Note: Repeated freeze-thaw cycles should be avoided; working aliquots can be stored at 4°C for up to one week .

How can I genetically manipulate AIM31 in C. dubliniensis for functional studies?

For genetic manipulation of AIM31 in C. dubliniensis, the following methodologies have proven effective:

• Isogenic strain construction:

  • Generate homozygous ura3 mutants from wild-type C. dubliniensis using targeted gene deletion

  • Sequentially inactivate URA3 alleles using the MPA(R)-flipping strategy

  • This strategy uses mycophenolic acid resistance marker followed by site-specific FLP-mediated recombination

• Gene targeting approaches:

  • Use C. albicans URA3 (CaURA3) as a selection marker for targeted integration

  • Design constructs with homology regions flanking the target site

  • For fusion constructs, the C. dubliniensis AIM31 promoter can be fused to reporter genes like GFP

• Verification strategies:

  • PCR verification of correct integration

  • Testing for uridine prototrophy

  • Fluorescence detection for reporter constructs

• Alternative strategy for C. dubliniensis:

  • Auxotrophic markers for histidine, leucine, and arginine biosynthesis genes have been developed

  • These markers are dispensable for infection models and allow for multiple genetic manipulations

What methods are recommended for analyzing AIM31's role in mitochondrial function?

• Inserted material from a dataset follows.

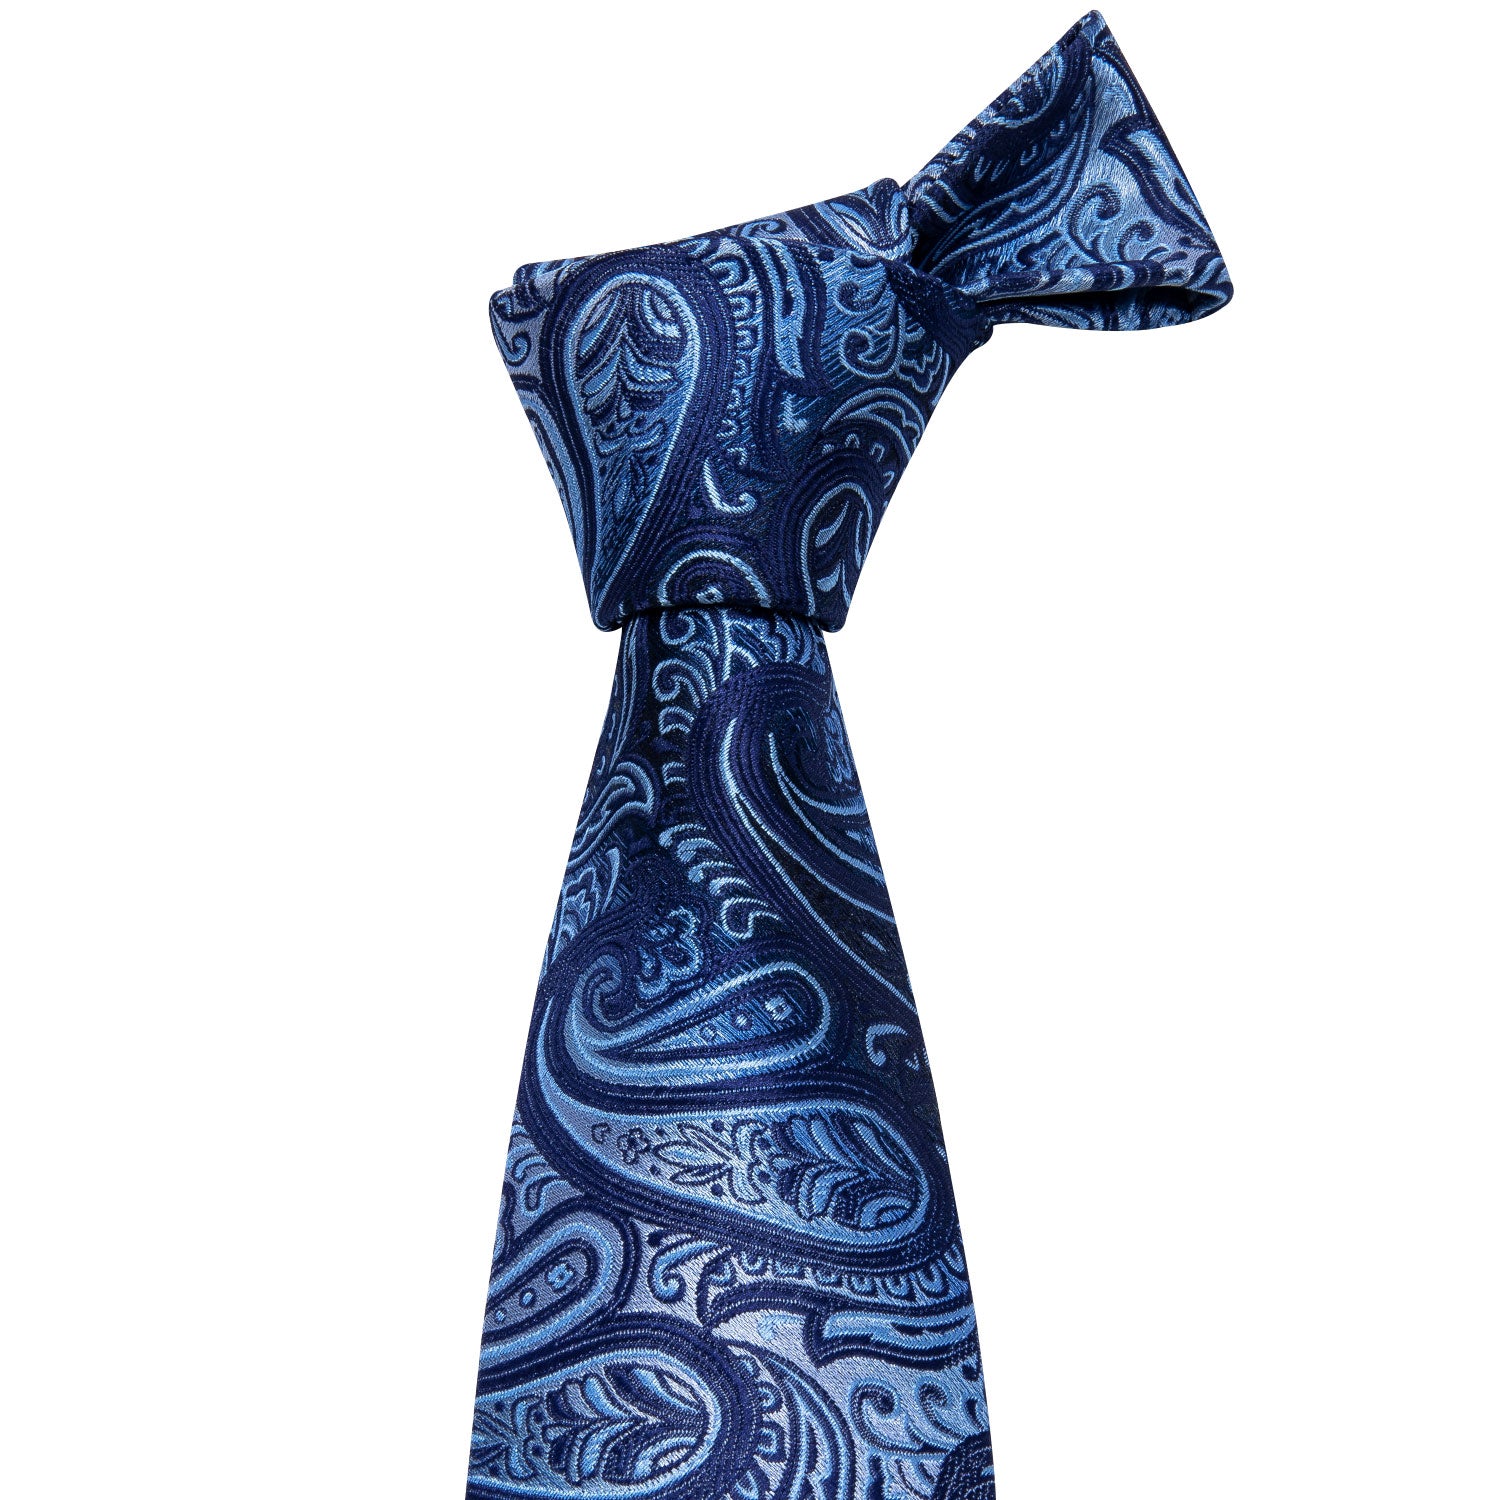 Barry.wang Blue Tie Awesome Paisley Men's Tie Handkerchief Cufflinks Set
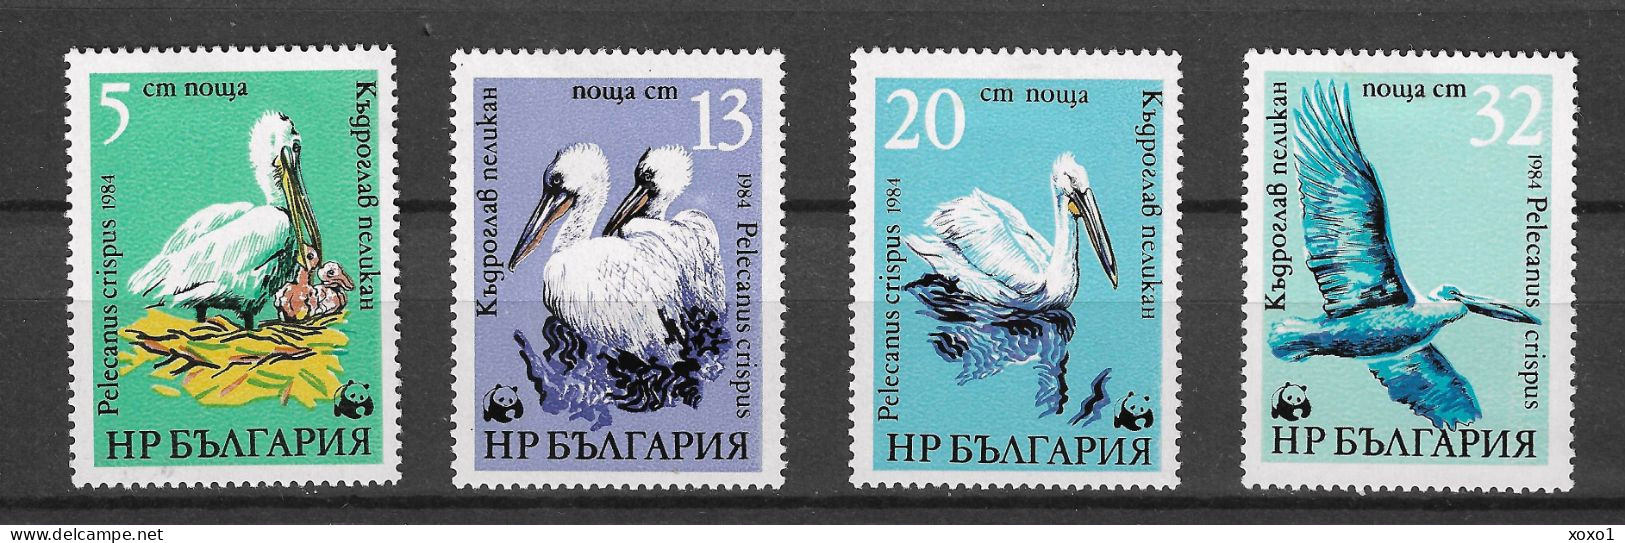 Bulgaria 1984 MiNr. 3303 - 3306 Bulgarien Birds Dalmatian Pelicans WWF 4v MLH * 6.50 € - Pelikanen

To analyze AIM31's role in mitochondrial function, the following methodological approaches are recommended:

• Mitochondrial isolation and fractionation:

  • Isolate intact mitochondria using differential centrifugation

  • Maintain protein complex integrity using mild detergents like digitonin

  • Perform subfractionation to separate outer membrane, inner membrane, and matrix components

• Protein complex analysis:

  • Blue native gel electrophoresis (BN-PAGE) to preserve supercomplex integrity

  • Identify AIM31-containing complexes using mass spectrometry

  • Immunoprecipitation with tagged AIM31 to identify interaction partners

• Functional assays:

  • Oxygen consumption measurements to assess respiratory chain function

  • Membrane potential measurements using fluorescent dyes

  • ATP synthesis assays to evaluate oxidative phosphorylation efficiency

  • ROS production assays to assess mitochondrial stress

• Genetic complementation:

  • AIM31 deletion and subsequent complementation with wild-type or mutant alleles

  • Cross-species complementation (e.g., with C. albicans AIM31) to assess functional conservation

How does AIM31 contribute to mitochondrial inheritance and mitochondrial DNA stability?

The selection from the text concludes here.